**Goal of the exercise**
With the pictures left out, return exactly the lines from the one containing "privates spa zuhause" through the end of the listing below.

**Data**

# # # #

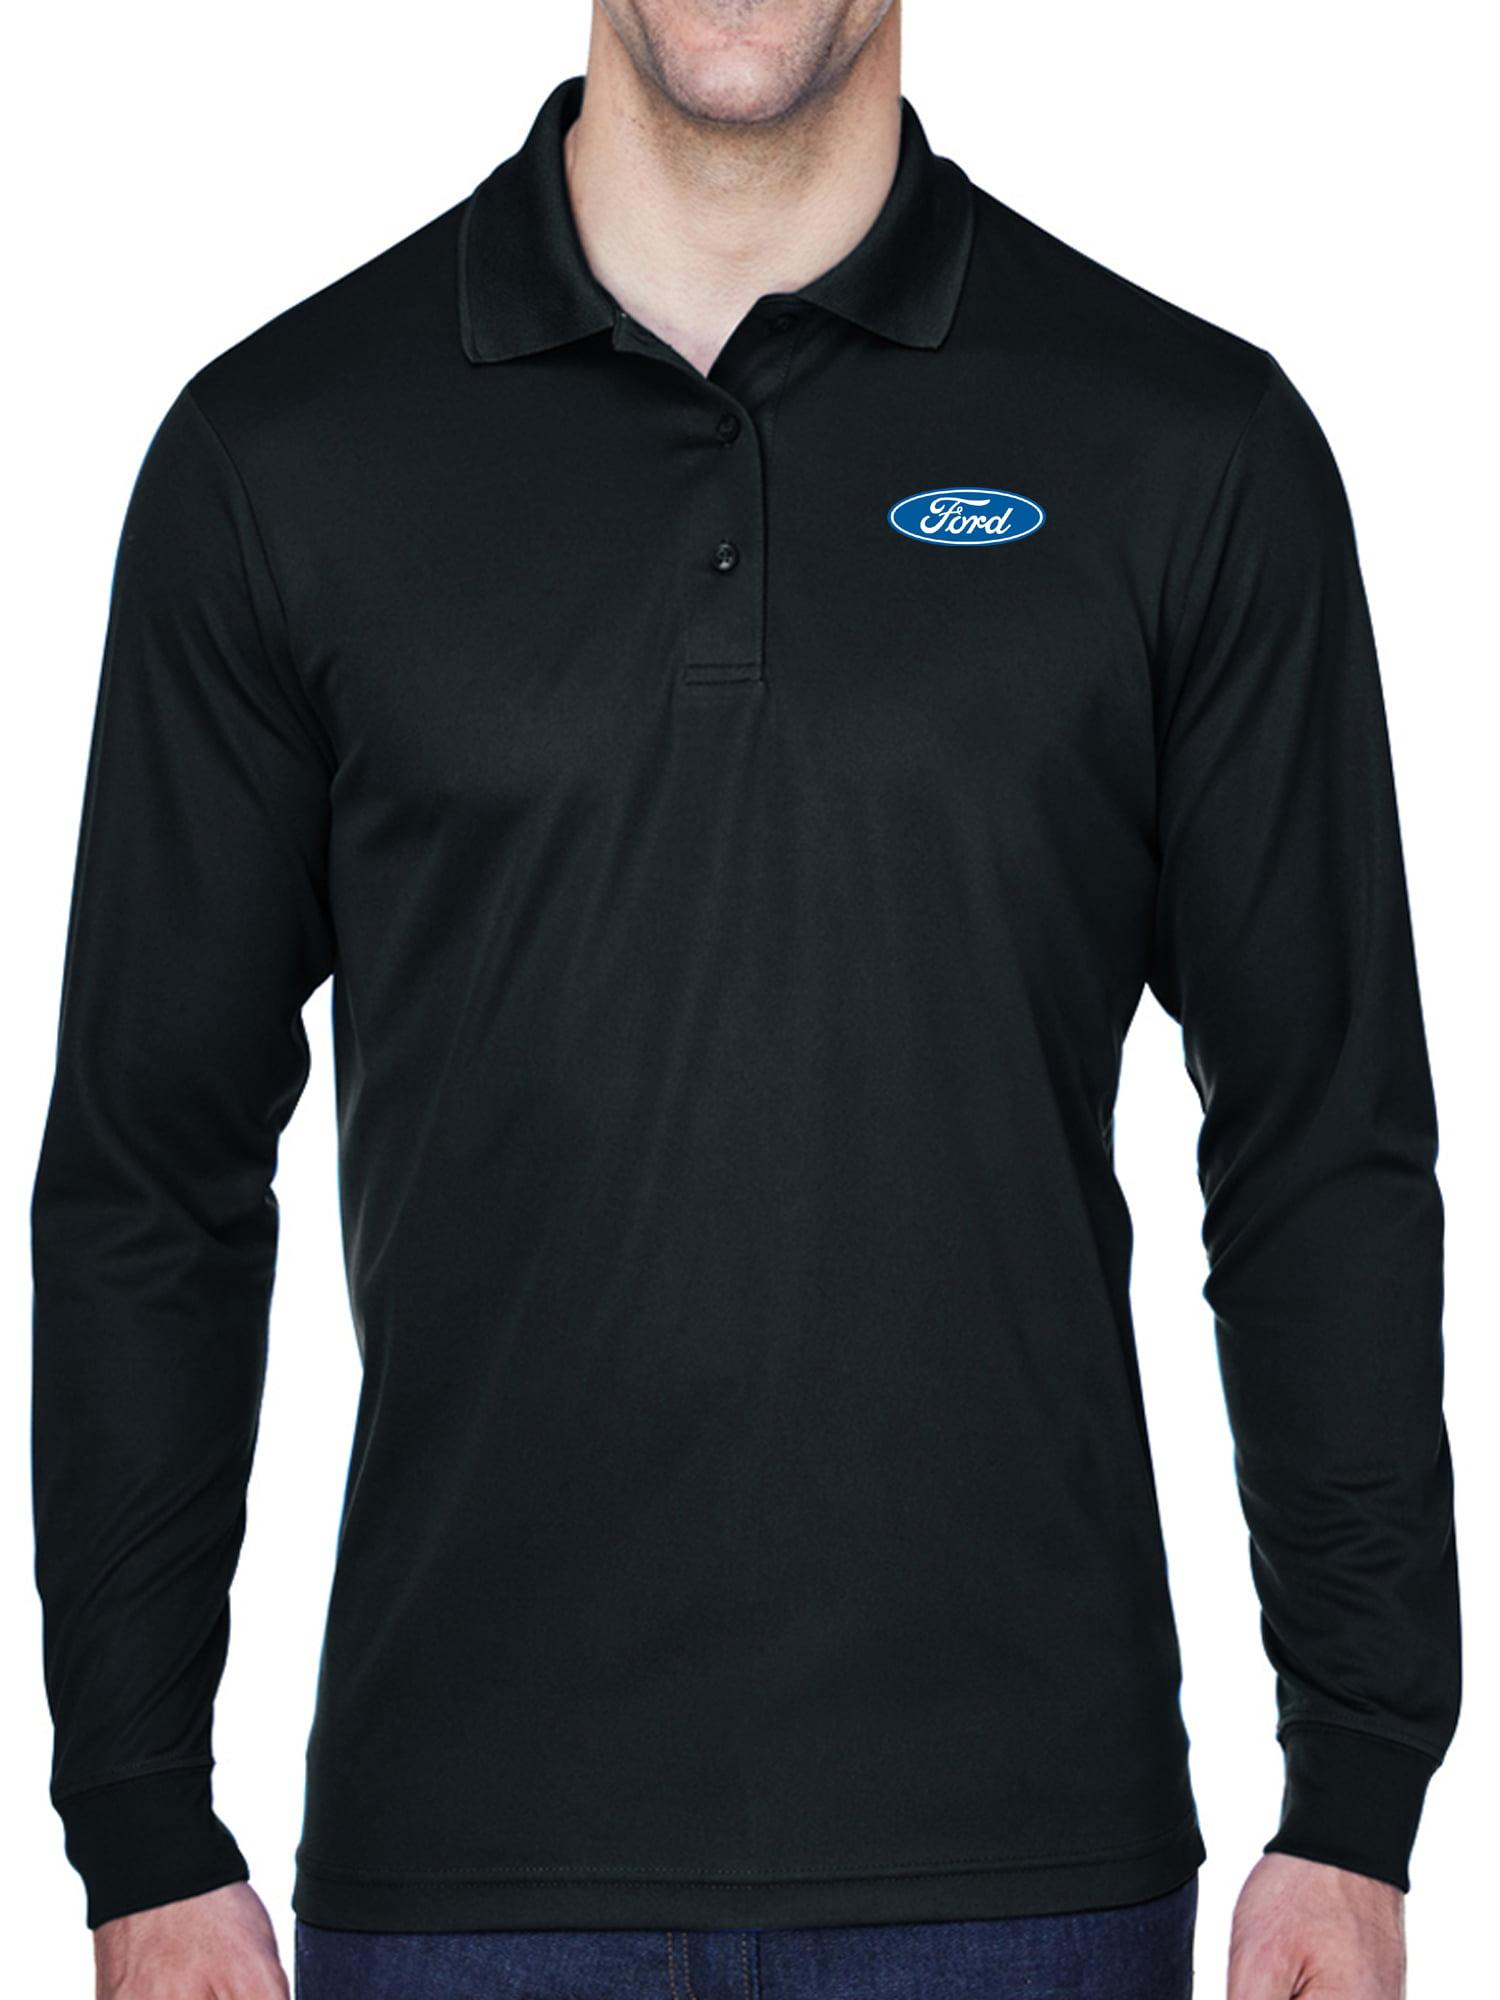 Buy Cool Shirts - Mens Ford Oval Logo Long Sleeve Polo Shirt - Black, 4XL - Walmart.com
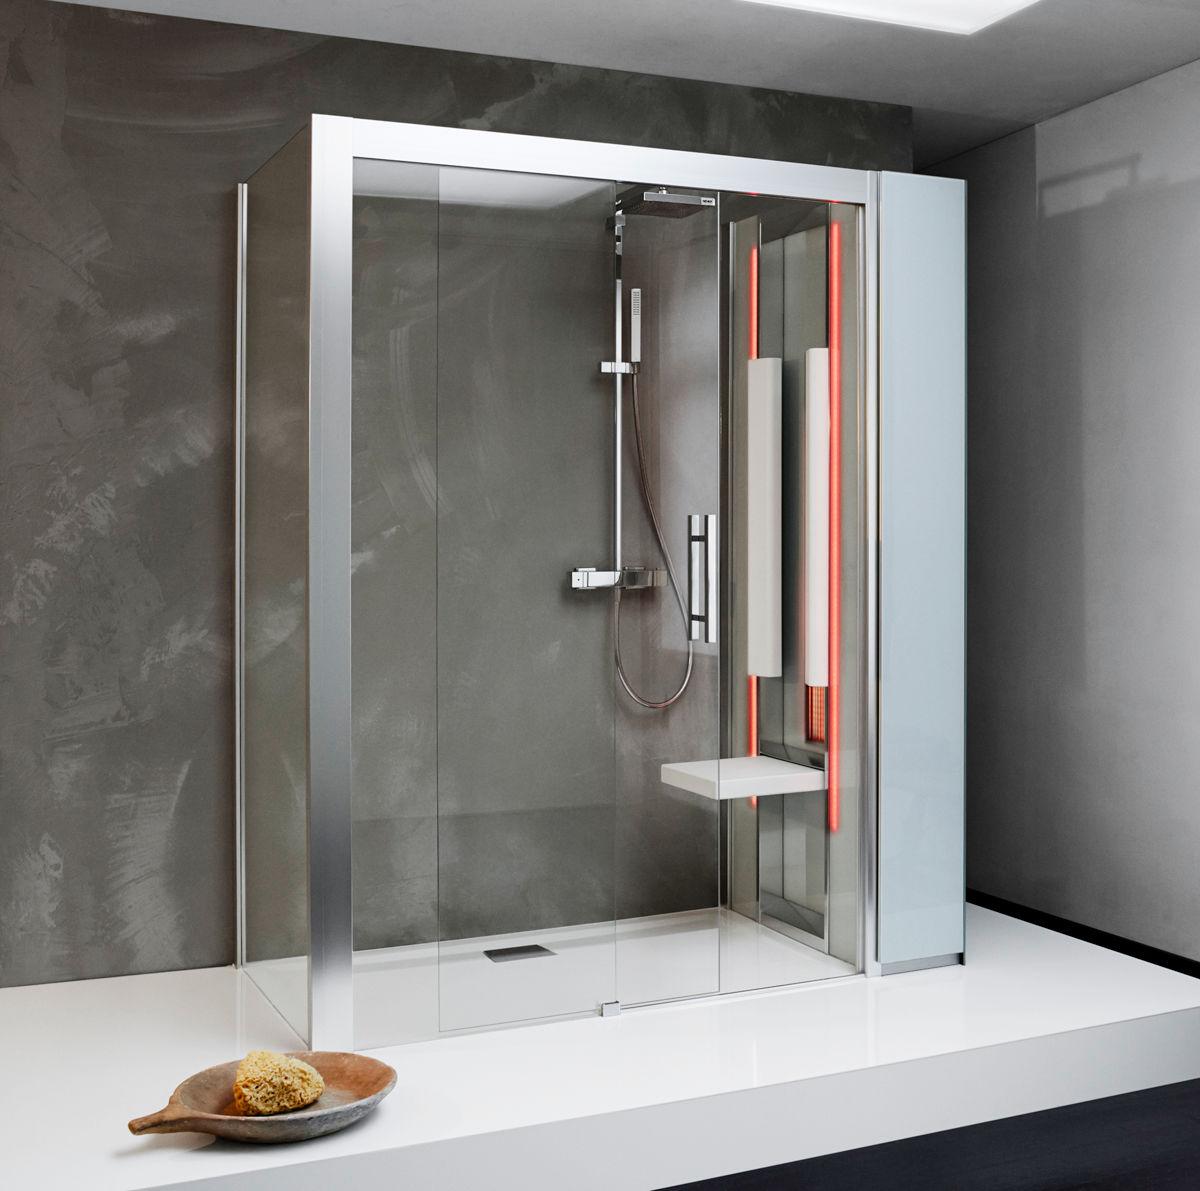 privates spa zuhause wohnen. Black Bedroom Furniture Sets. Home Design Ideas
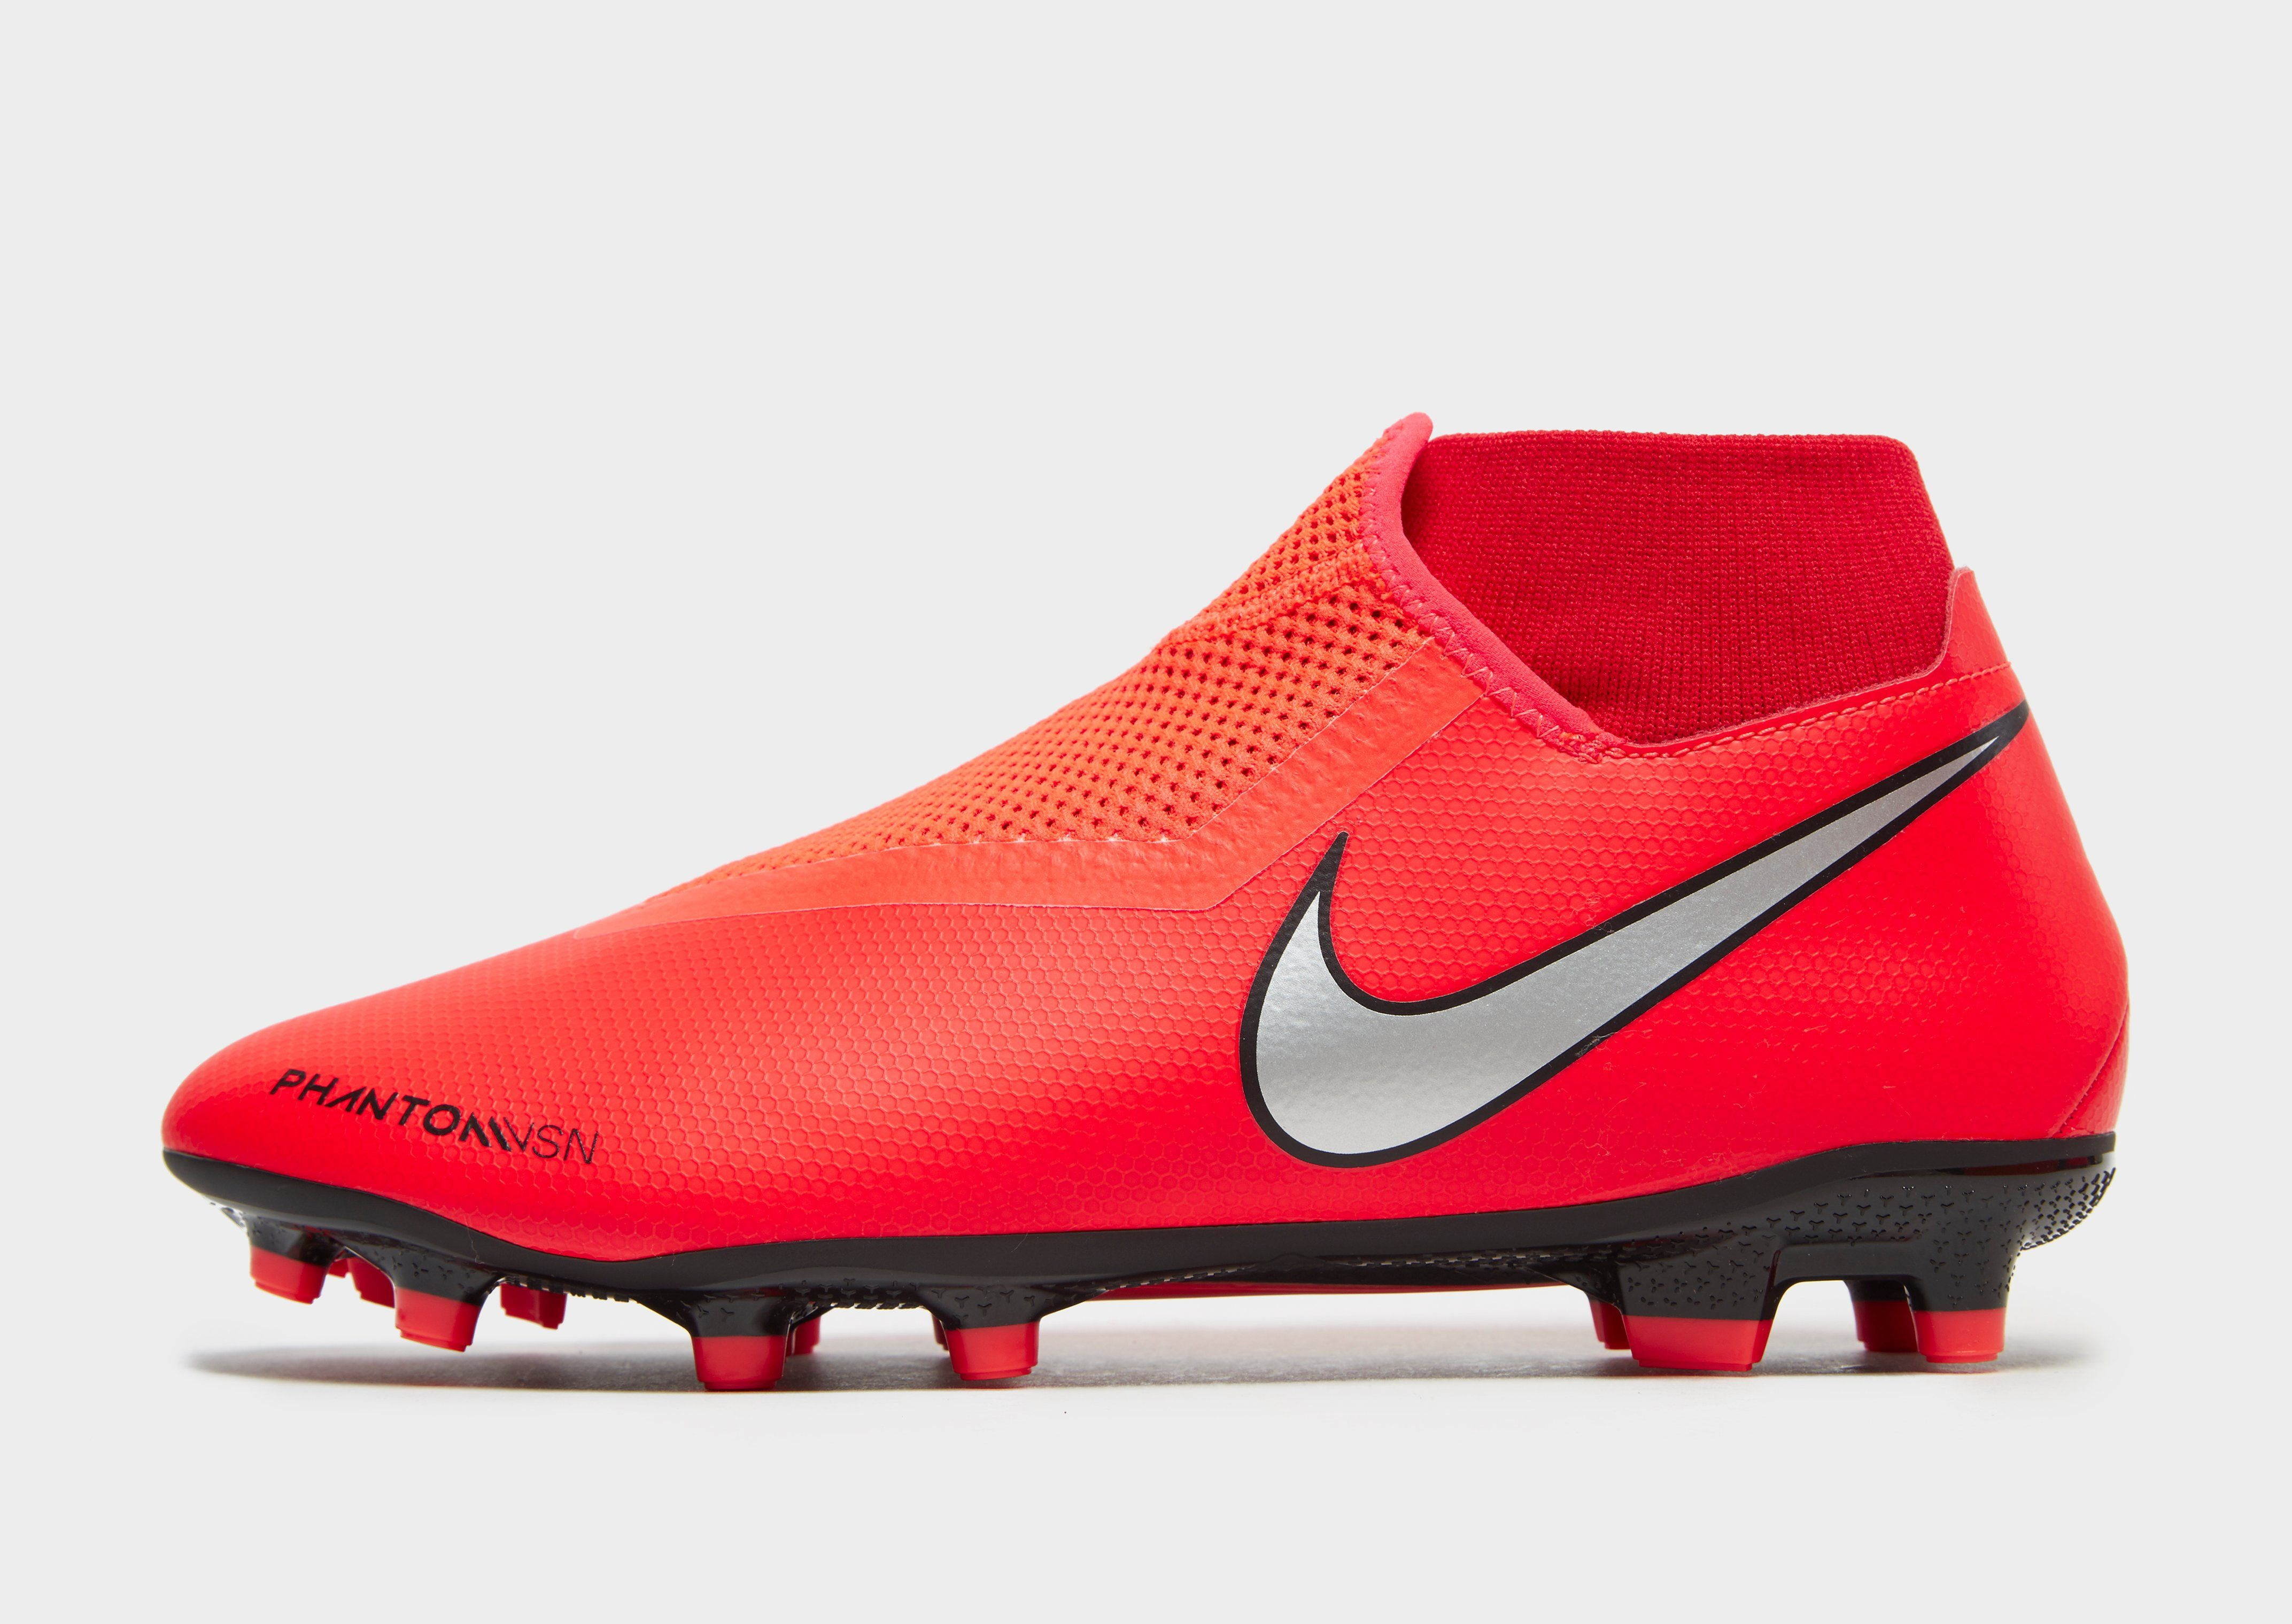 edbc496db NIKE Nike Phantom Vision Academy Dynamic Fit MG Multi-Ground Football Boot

# # # #

**Exercise response**
 privates spa zuhause wohnen. Black Bedroom Furniture Sets. Home Design Ideas
 edbc496db NIKE Nike Phantom Vision Academy Dynamic Fit MG Multi-Ground Football Boot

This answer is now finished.